Brent front-month contract was trading 0.23% higher to $77.67 a barrel as of 0649 GMT after the December contract expired on 13 November, when it finished $2.46 lower at $77.92, a level not seen since September 2010.

US December contract was trading 0.32% lower to $73.97 a barrel.

Brent prices have dropped for eight successive weeks, their longest weekly losing streak since records began in 1988, Reuters data showed.

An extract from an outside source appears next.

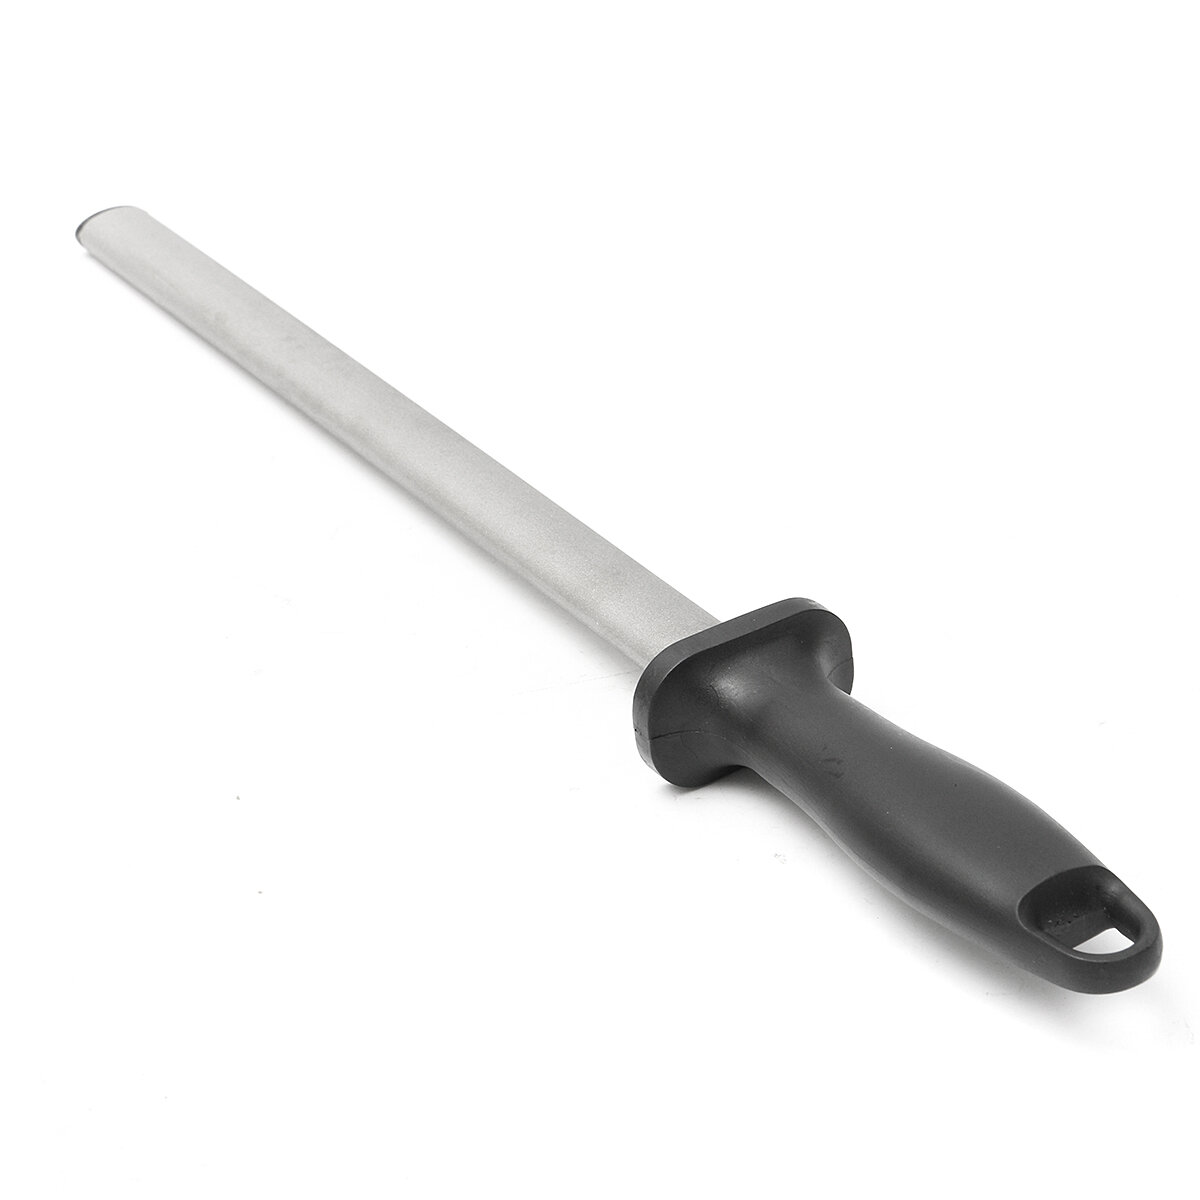 30cm/12" Diamond Knife Sharpener Sharpening Steel 600 Grit Oval Design Efficient and Safe Tool Sharpening COD
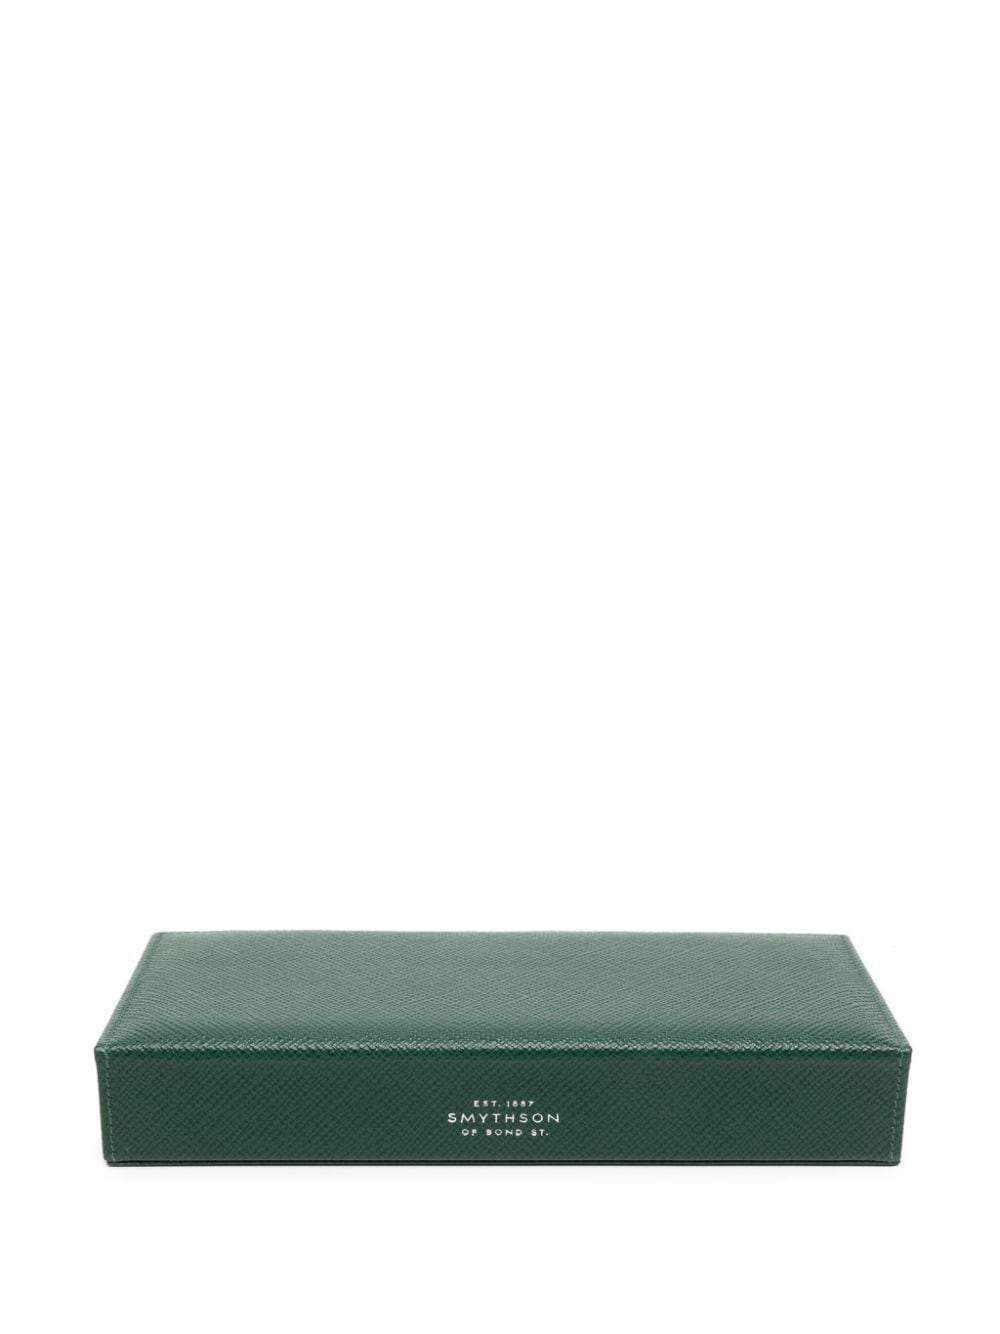 Smythson Panama leather cufflink box - Groen

Prices are down some seven percent this week.

Mark Keenan, head of commodities research at Societe Generale in Singapore, told Reuters: "We've got a period of very heightened volatility in the lead-up to the November 27 Opec meeting."

US Stockpiles

Adding to oversupply worries, crude stocks at the key Cushing, Oklahoma, delivery hub in the US increased by a larger-than-expected 1.7 million barrels last week, the Energy Information Administration (EIA) said.

But American crude stockpiles surprisingly fell 1.7 million barrels in the week to 7 November, against expectations of a 750,000 barrel increase in inventories, the EIA said.

Libyan Supply

The 120,000 barrel-a-day Hariga oil port in eastern Libya has reopened after state security guards ended a protest over unpaid wages, but the El Sharara oil field remains shut.

Iraqi and Kurdish officials have struck a deal over oil exports and civil service payments, which should ease tensions between Baghdad and the Kurdistan Regional Government (KRG), Iraq's finance minister Hoshyar Zebari said.

Opec production rose to its highest in more than a year in October, a Bloomberg survey showed, just as the US, the world's leading oil consumer, moved closer towards energy independence.

Oil prices have lost some 30% since a peak in June on fears that slowing economic activity in Europe and China, will hit demand in the regions.